Dewpoints are a measure of the amount of moisture in the atmosphere. The lower the dewpoint, for example, the drier the air mass is.
In Colorado Springs, the dewpoint dropped to a stunning -15 degrees on Thursday afternoon. That's now the lowest dewpoint on record there during the month of May. Dewpoint records in Colorado Springs date back to 1949.
In Denver, the dewpoint dropped below zero on Thursday afternoon, making it the city's first below-zero May dewpoint since 2011. That's based on official observations from Denver International Airport, Denver's official climate site.
Translation: It was really dry on Thursday, even historic in places.
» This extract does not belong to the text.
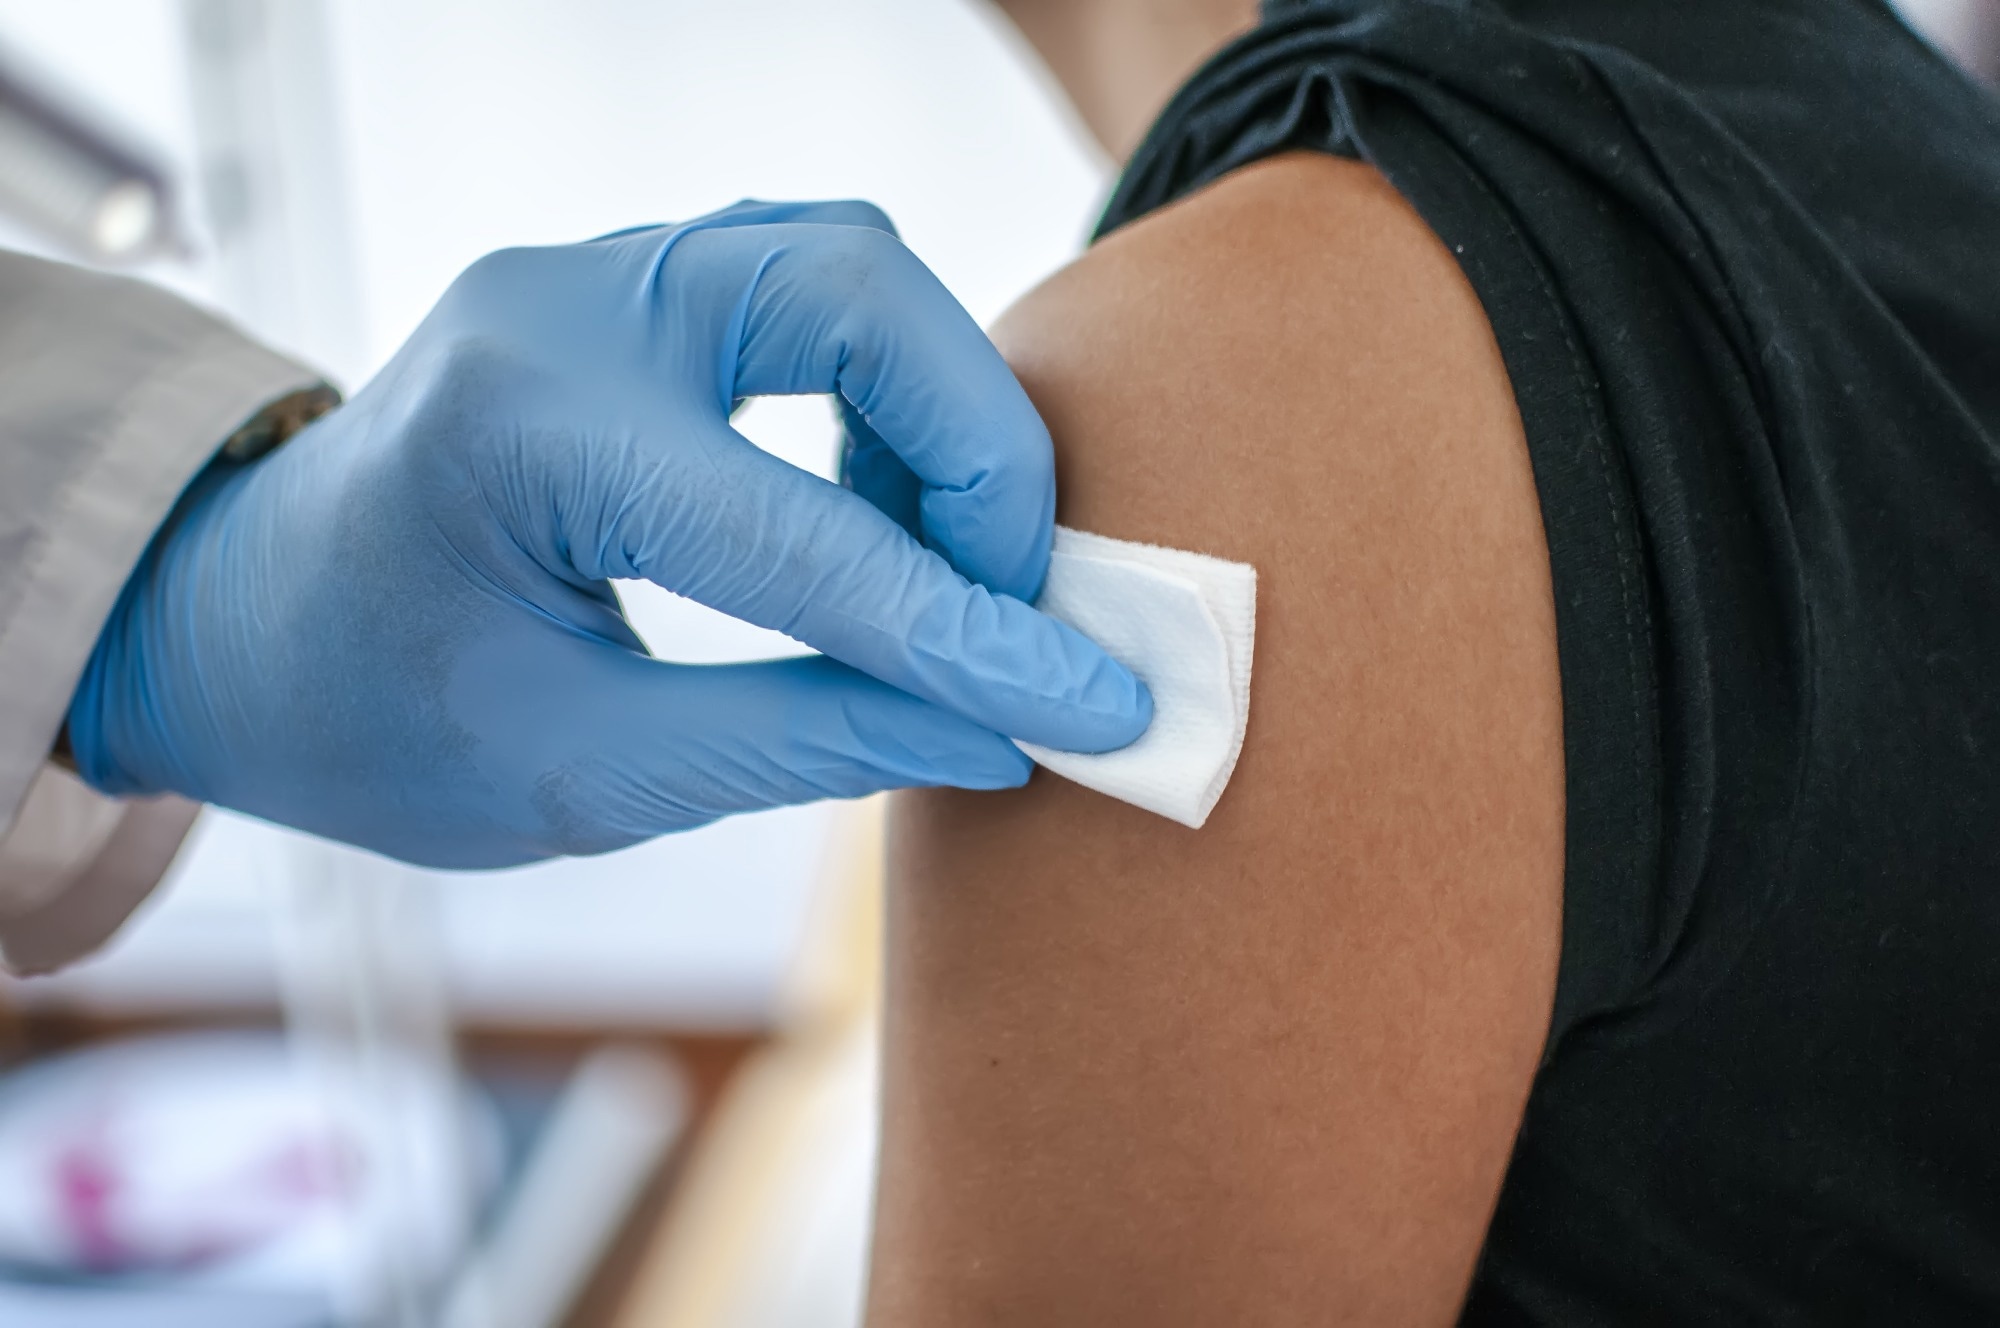 Study: Meningococcal ACWYX Conjugate Vaccine in 2-to-29-Year-Olds in Mali and Gambia. Image Credit: xelaway/Shutterstock.com

On top of that, winds gusted up to 70 mph in the foothills, with the Denver and Colorado Springs areas each seeing peak gusts above 50 mph.
Three grass fires started in Colorado Springs on Thursday, likely helped by Thursday's exceptionally dry and windy weather.
Colorado saw its eighth-straight day with a Red Flag Warning (fire weather warning) over at least some portion of the state on Thursday, and the 33rd day out of the last 38.